-- Opening Marker --

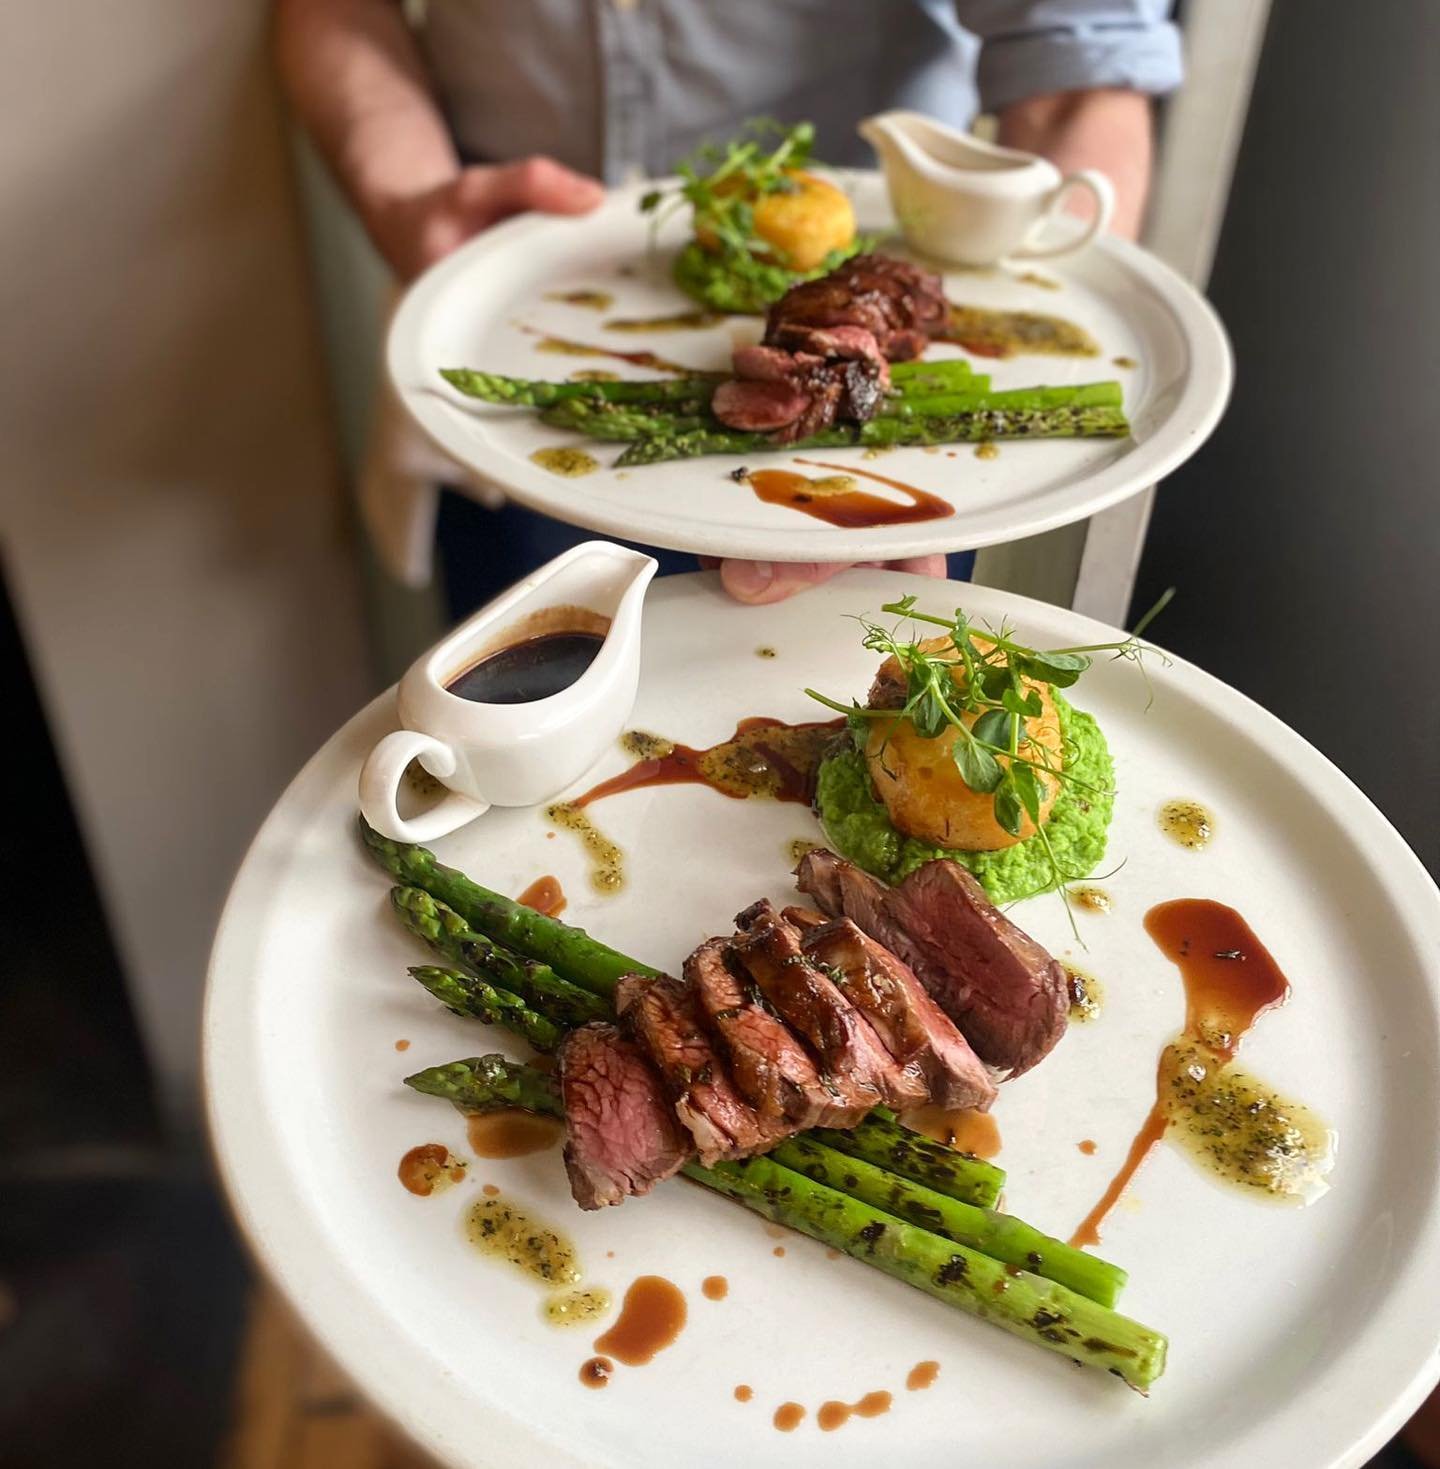 ✨Spring Menu Addition✨
Our new Spring lamb dish with fondant potato is just out of this world (if we do say so ourselves!) 
Come along and try our updated a la carte menu🥂
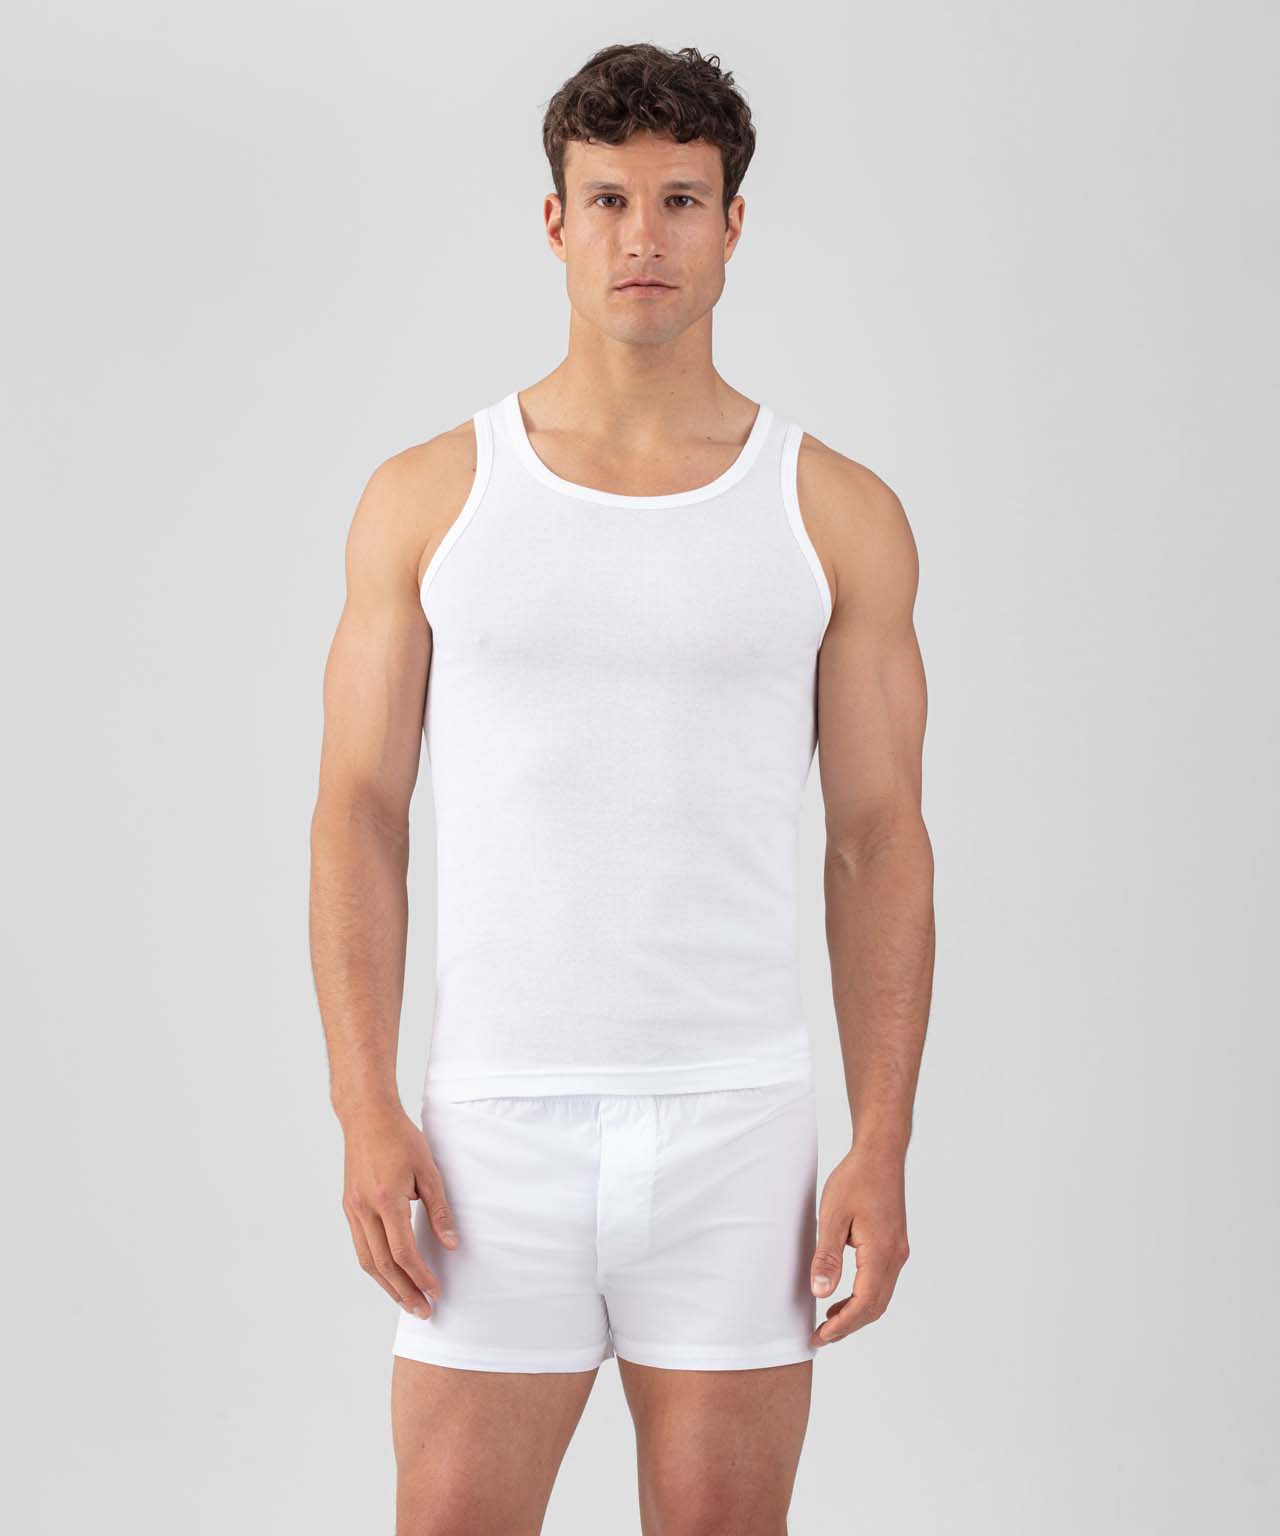 JMR Men Tank Tops 100% Cotton White Sleeveless Undershirts Tagless Ribbed  Slim Fit Muscle Tank Top with Scoop Neckline

-- Closing Marker --

■ YOUR OBJECTIVE ■
An exact repetition of the listing is needed, with the pictures dropped.

■ SOLUTION ■
 ✨Spring Menu Addition✨
Our new Spring lamb dish with fondant potato is just out of this world (if we do say so ourselves!) 
Come along and try our updated a la carte menu🥂
 JMR Men Tank Tops 100% Cotton White Sleeveless Undershirts Tagless Ribbed  Slim Fit Muscle Tank Top with Scoop Neckline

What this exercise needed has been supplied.